The reasons for their failure during the early Díaz period are complex but clear. The Díaz regime consolidated a strong hold on the country and provided it with political tranquility and rapid economic growth for the first time. Antagonistic provincial elites and urban and rural working-class dissenters were dealt with by force. The revolutionary working-class movement was vulnerable because the industrialization process was not sufficiently advanced to create a massive urban labor force. The number of factory workers remained relatively small in contrast to the overall population, and those workers who were organized into the Círculo after 1870, and later into the affiliates of the Congreso, lacked organizational experience. They suffered chronic disunity. Their divisions and relatively small numbers reduced them to a point of weakness in the face of the armed might of the government.
The nineteenth-century cooperatives were failures due to lack of organizational experience and their economic isolation. The number of supporters that could expect to utilize them was far too limited to provide continued growth. The reason for their scarcity of number is found in the fact that Mexico was still a preindustrial, underdeveloped country. The immaturity of the Mexican economy and the lack of preparedness of the anarchist movement were all too obvious to such leaders as Rhodakanaty, Velatti, González, and Muñuzuri. They lamented the continued omnipresence of mutualist societies, the weakness of the cooperatives, and the development of government-dominated unions administered by “charros.”
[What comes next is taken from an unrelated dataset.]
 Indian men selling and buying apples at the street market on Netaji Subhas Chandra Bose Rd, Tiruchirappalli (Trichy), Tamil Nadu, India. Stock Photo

The tradition of government management of the labor movement began with Romero and Cano in the 1860’s and early 1870’s. It continued with Carlos Olaguibel in the late 1870’s and 1880’s. In the twentieth century, Mendoza of the GCOL, Luis Morones, and some contemporary union leaders are representative of this tendency. Charrismo was yet another factor in a milieu that left most of the Mexican masses disorganized and incapable of decisive action. Villanueva, Ferrés, López Dónez, Quintero, and the CGT-CSL leadership complained of the same problem.
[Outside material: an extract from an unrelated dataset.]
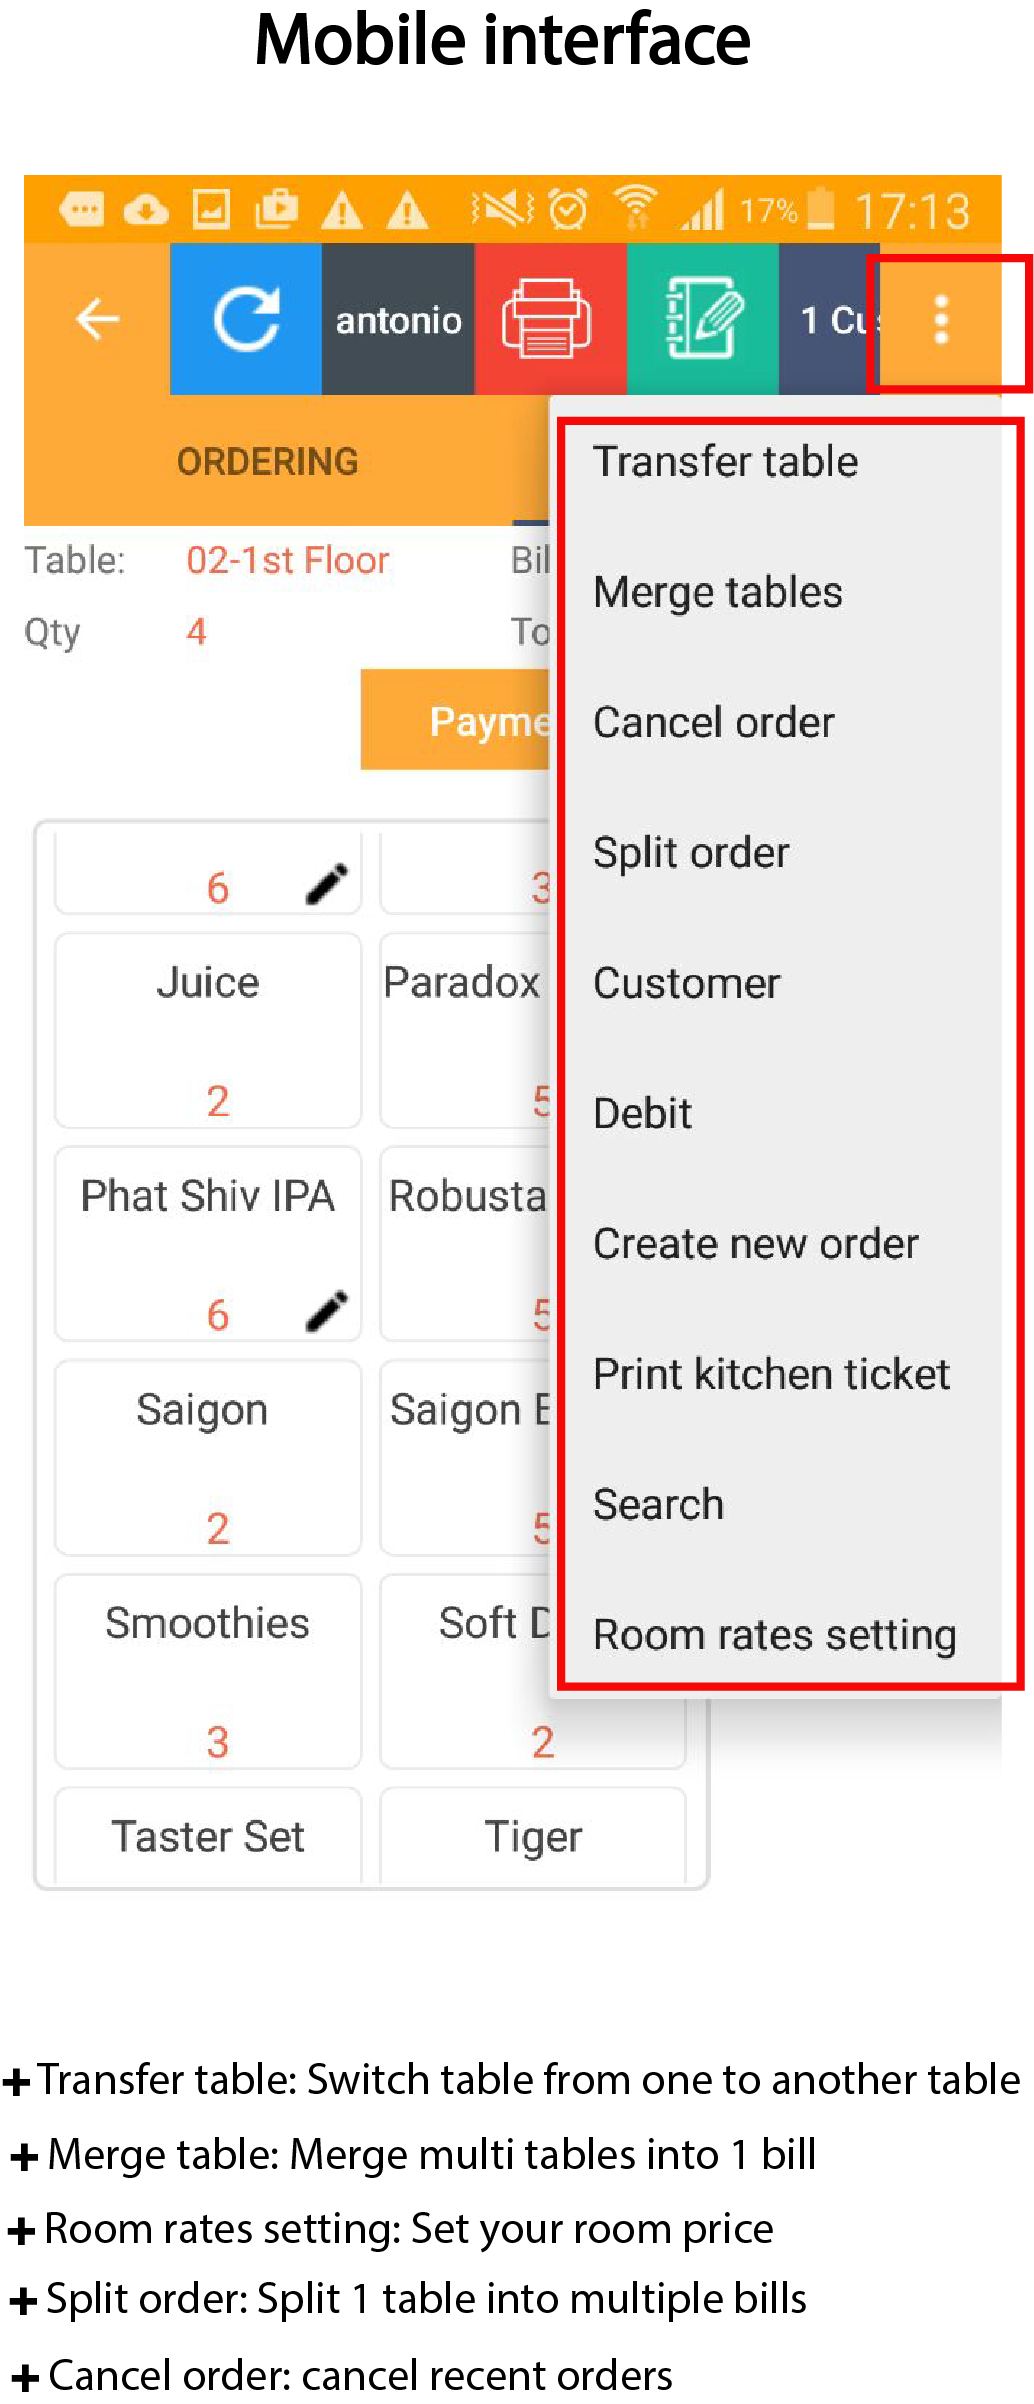 posapp's mobile interface

The agrarian movement was forcibly beaten back during the reign of Juárez, when it first gained momentum, and later even more severely by the Díaz-led repression of the later nineteenth century. Scattered over the countryside, the agrarians suffered the fatal malady of disunity. Poorly equipped, they were unable to adequately defend themselves following their uncoordinated uprisings and land seizures. These conditions would also plague and defeat Zapata.
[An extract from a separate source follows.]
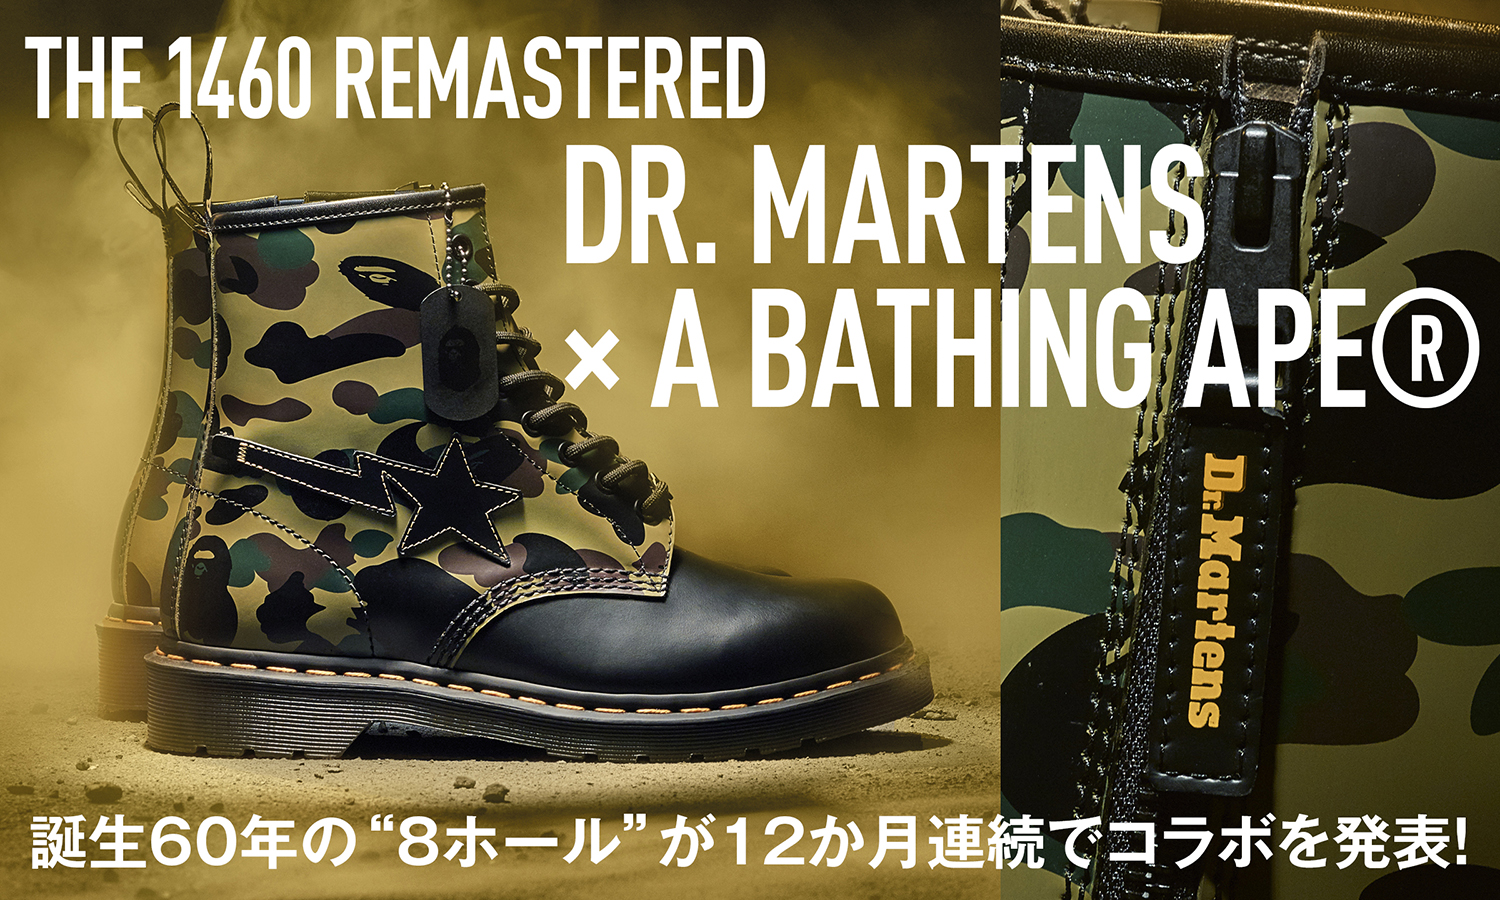 Dr. Martens  x A Bathing Ape コラボブーツ新品未使用品正規品です

In the early twentieth century much of the disorganized structure of the nineteenth-century anarchist urban labor associations, and even their political strategy, was corrected by the formation of the Casa del Obrero Mundial and by the program of the Magonistas. The Díaz regime, because of its early successes, acted something like a filter against the direct transmission of the Mexican anarchist tradition.1 As a result, the twentieth-century Mexican anarchists turned, not to their nineteenth-century predecessors, but to Proudhon, Bakunin, and Kropotkin. The movement was once again stimulated by the presence of Spanish anarchists.2 The first powerful anarchist organization developed around the Liberal party led by the Flores Magón brothers. Ricardo Flores Magón first read Kropotkin at an early age and testified to the strong impression that he had received. Later, as a student in Mexico City, he again read the Russian’s work. He began to openly espouse anarchist political doctrine in 1906. Between 1900 and 1910, Magón and the Liberal party were the only serious challenge to the Díaz regime and they became a symbol of resistance. The first divergence of the twentieth-century anarchist movement from its nineteenth-century antecedent was a national revolutionary political force which advocated the overthrow and dismantling of the national government, the decentralization of political power, the collectivist organization of the urban economy, and the establishment of agrarian communes. The Liberal party led a series of unsuccessful agrarian village seizures and raids near the northern frontier. Magonista organizers entered Cananea and helped to lead the famous and violent rebellion there that revealed seething working-class unrest that surfaced again soon afterward at Río Blanco. Those rebellions rang the death knell of the government.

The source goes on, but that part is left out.